When, at seven, i was skipped ahead, from second to third grade, my older sister beat me with a belt. It was one of those plastic belts, then in style among the well-to-do suburban set, bright pink, with a hard and shiny silver buckle, a prized possession. Ava stood over me and hit me with it until I started shrieking and she got scared and stopped. No one other than the new maid was home. We could hear the roar of the vacuum cleaner coming from downstairs, and, as things turned out, the new maid was only to last a couple of months before our mother, who was picky, fired her. In any event, the beating hurt—I smarted for days, and it was weeks until the marks completely faded—and after it, nothing was the same.

Our parents were so incapable of raising children that I often think the three of us (I have a younger brother, too) would have been better served in foster care, or even an old-fashioned orphanage, the kind I first read about in the fourth grade, in a grisly story about Anne Sullivan, who was raised in a large and terrible orphanage, where rats bit her while she was sleeping, before growing up to become Helen Keller’s teacher. I loved that book with its grisly descriptions of the young Anne’s deprivations, the beatings, the cold, and must have read it half a dozen times. In comparison, how lucky I myself was—how lucky we all were—because while our own father drank and stormed around the house, and, in an effort to keep the peace, our mother trained us to not to react, we not only lived in a large and well-run home, filled with art and books and music, but had a father who was a somebody, an author, a respected and well-known member of his field, psychiatry. Which of course made things all that much more confusing.

Mother would make us lie down on our backs so she could tickle us. If we laughed or giggled, she’d slap us, not hard, but hard enough that we’d stop. If we managed to lie perfectly still, betraying nothing on our faces, she’d let us have a treat: an extra half hour of television, perhaps, or an ice-cream cone. Eventually all three of us were able to pretend that nothing was amiss no matter what our father did, including when he threw things at us, or smashed a lamp against the wall. [End Page 540]
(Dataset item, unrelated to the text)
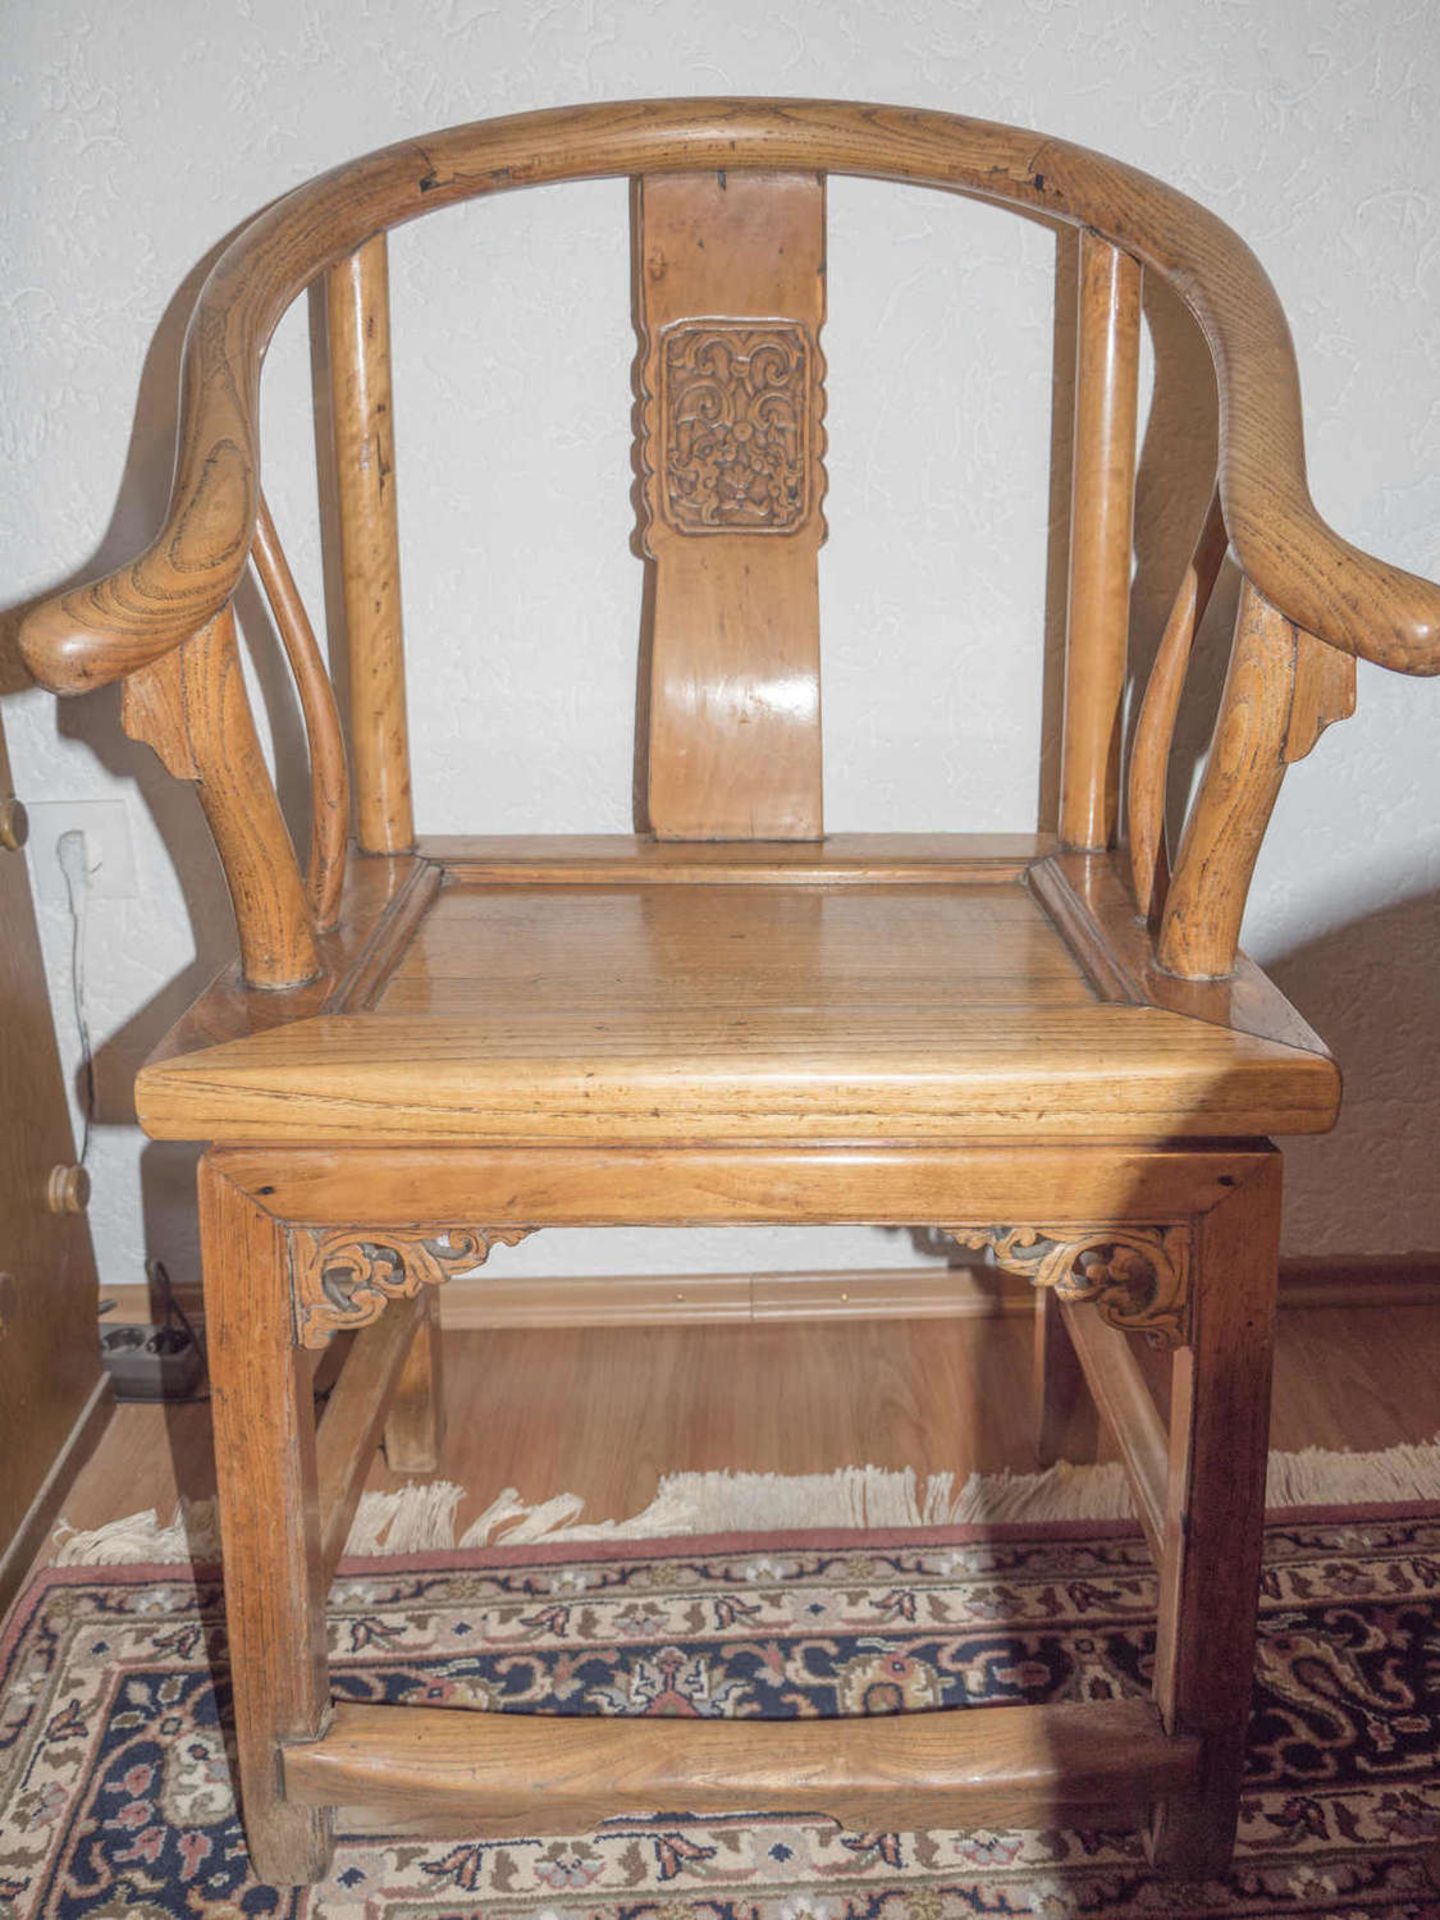 Zwei asiatische Lehnen - Stühle mit Ornament. H: ca. 93 cm, T: ca. 45 cm, B: ca. 56 cm. Nur

But for me, it wasn’t any of these things—the strange ritual with the tickling; my father’s alcohol-fueled rages; the sense that despite the regular violence that punctuated family events, we were distinctly superior to, better than, and special (nothing at all like the ordinary run of humanity, with their petty ambitions and tacky taste in home decor)—that tripped me up. No, it was none of these things that flung me into something that, now, in my own late middle age, I recognize as a state of unmooring, of darkness so dark that I had nothing to compare it to, of utter collapse: a me that had unscrolled, unwound, collapsed in on itself, like an exploded crater. I was there one minute and then I was gone.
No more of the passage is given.